Duncan is never found without a sidearm outside the castle walls. Without warning he draws his pistol, firing three rounds into one of the wooden slats. It cracks, splits, then shatters. Duncan’s face remains impassive the entire time, showing no reaction to the deafening peals of the weapon, which can be no softer to him than to her.

Once the reports dissipate into the morning air, he holsters his weapons, eyes returning to Luna.

"You must learn to shoot as you curse, and to hear gunshots as you would common bawdry - you must not flinch even when you are their target. They can only harm you it they hit home; if you aim best and first, you will leave your enemy wordless as the grave."

But the loud burst of a bullet isn’t the same as hearing a rowdy customer use colorful language.
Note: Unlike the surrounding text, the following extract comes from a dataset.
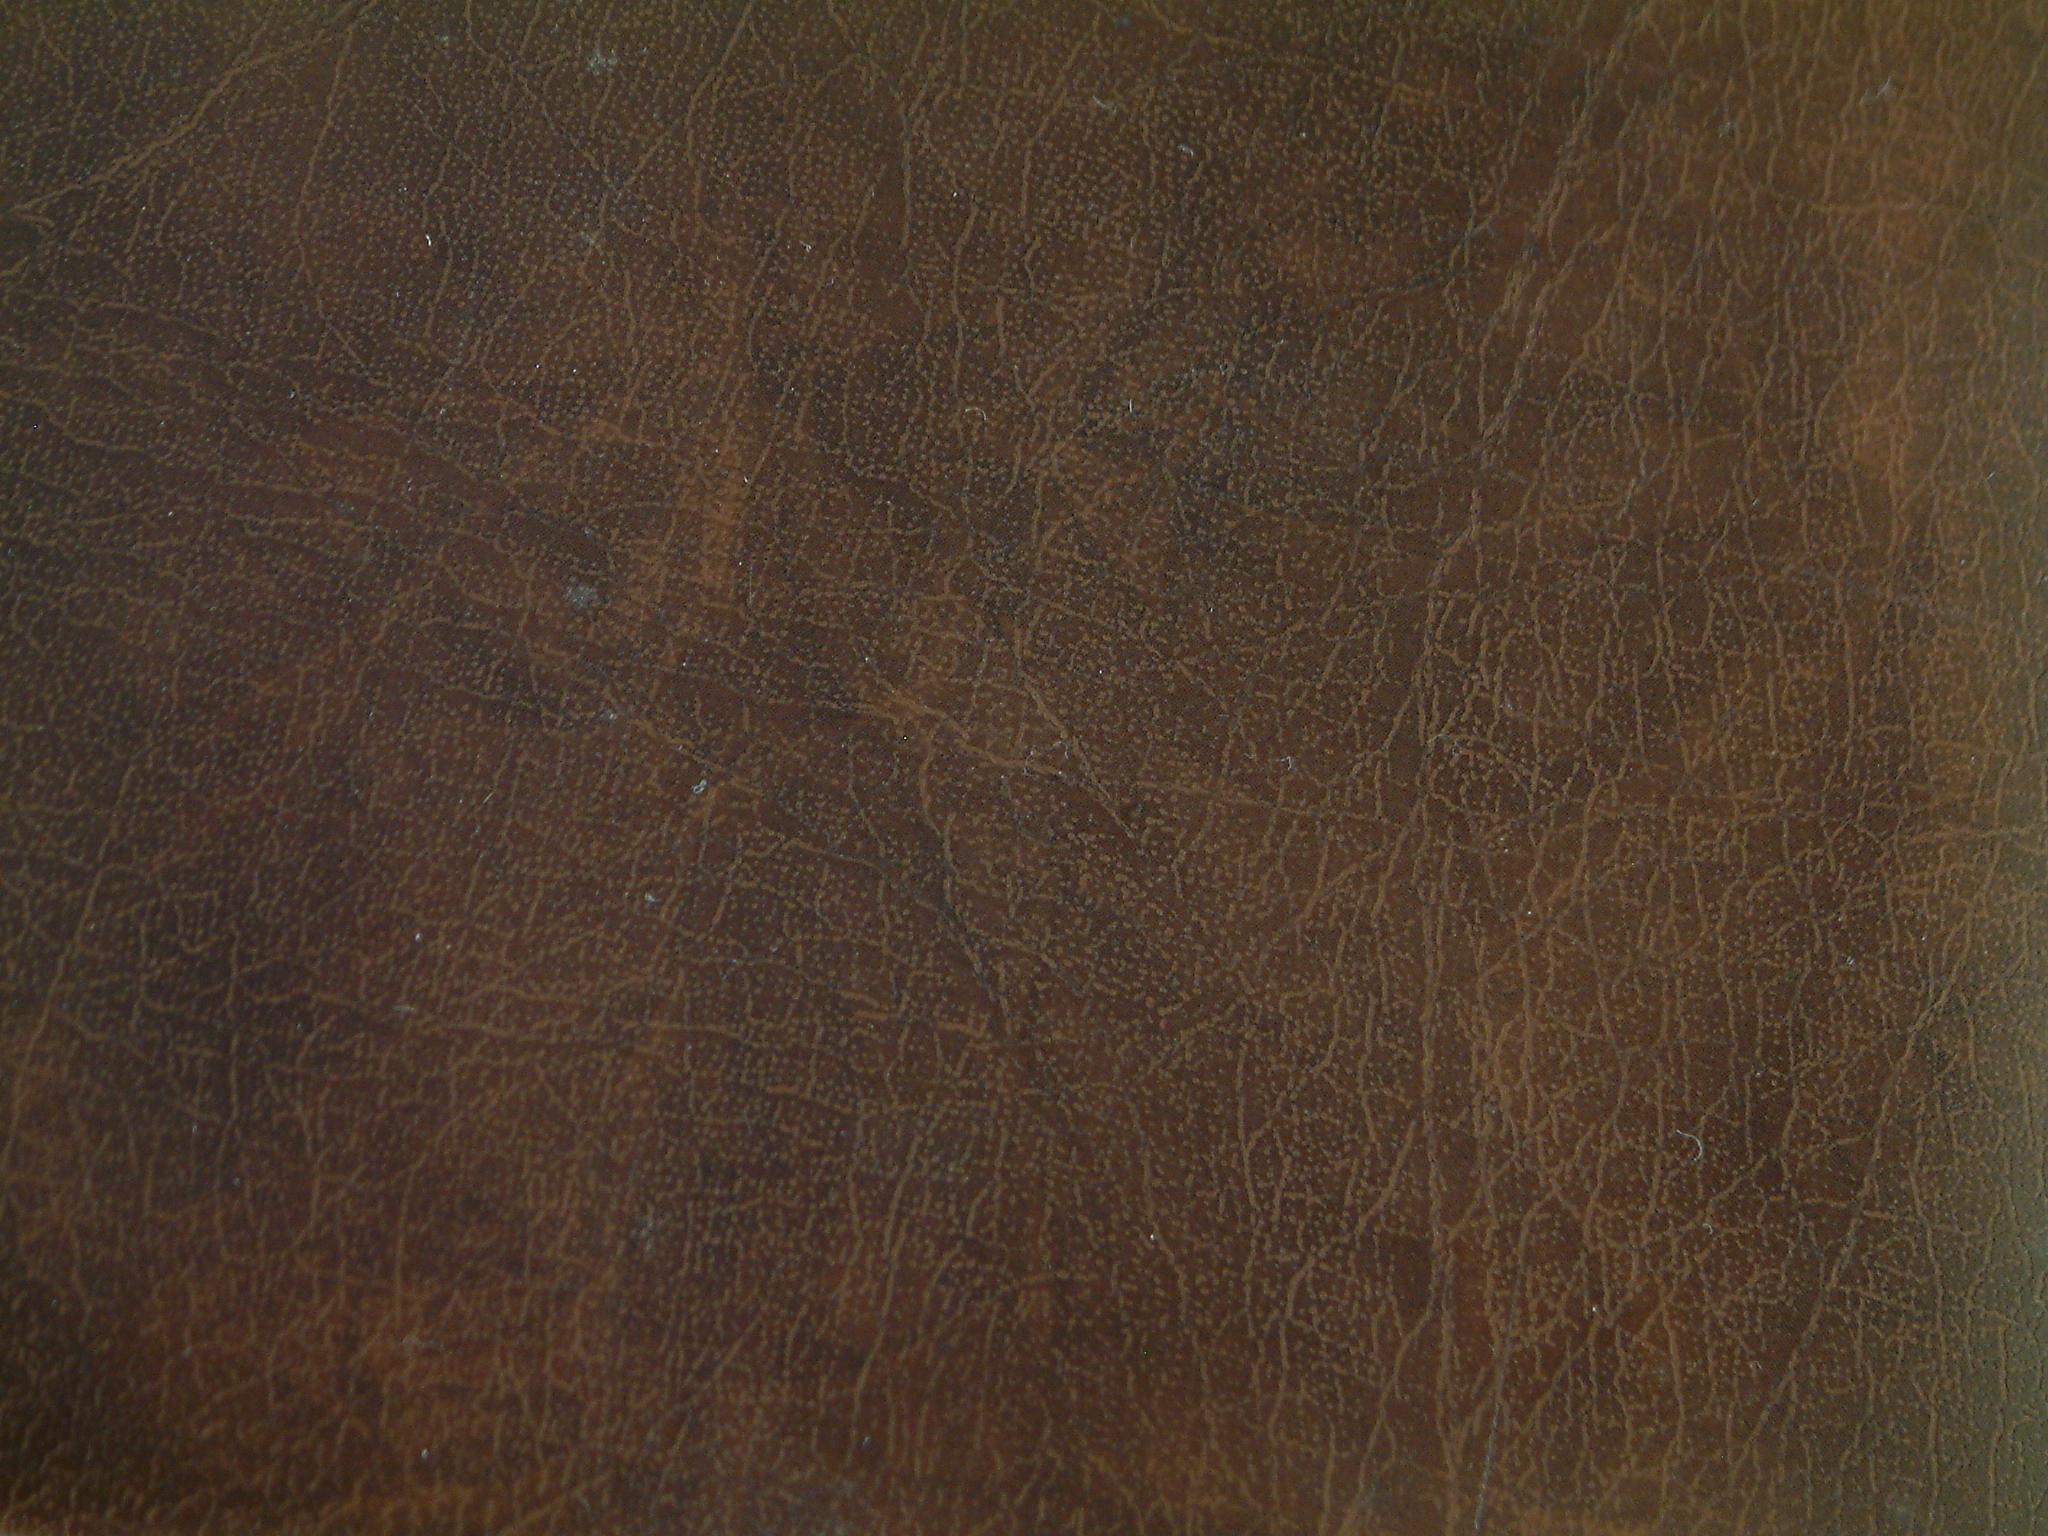 Leather Textures Wallpaper 2048x1536 Leather Textures Texture

Unintentionally, Luna flinches each time Duncan’s firearm goes off. When the slat shatters and his eyes turn toward her, her lips twitch. Her eyes betray the same fear they held when he first laid hands on her in the parlor of the Dovetail and though she is trying to mask it with a smile, it’s turning up null.

“I suppose you mean that I should learn to shoot better than I curse or act as I would at the Dovetail.” Not exactly as she would at the brothel, but the assumption is there that the soldier knows her meaning. She nods toward the pistol recently stowed and takes a shaky breath inward. “Do it again. And again. And one more time after it’s become second nature to hear it.

“Please.”

She needn’t hide her fear. Hidden fear is buried fear, and buried fear will always shift the ground beneath you, making misstep when you most need firm footing. Fear is like a flood- you don’t conquer floods, don’t hold them back. You wait them out, keeping your head above water. And between calamities, the wise practice holding their breath.

Duncan takes out his pistol, and aims it down range. But he doesn’t yet fire. Instead he nods at Luna’s own weapon, hanging by her side. She’s to take aim as he does, fire alongside him, mimicking the layered cacophony of a firefight.

“Together,” he says, “until clamor becomes silence.” One way or another.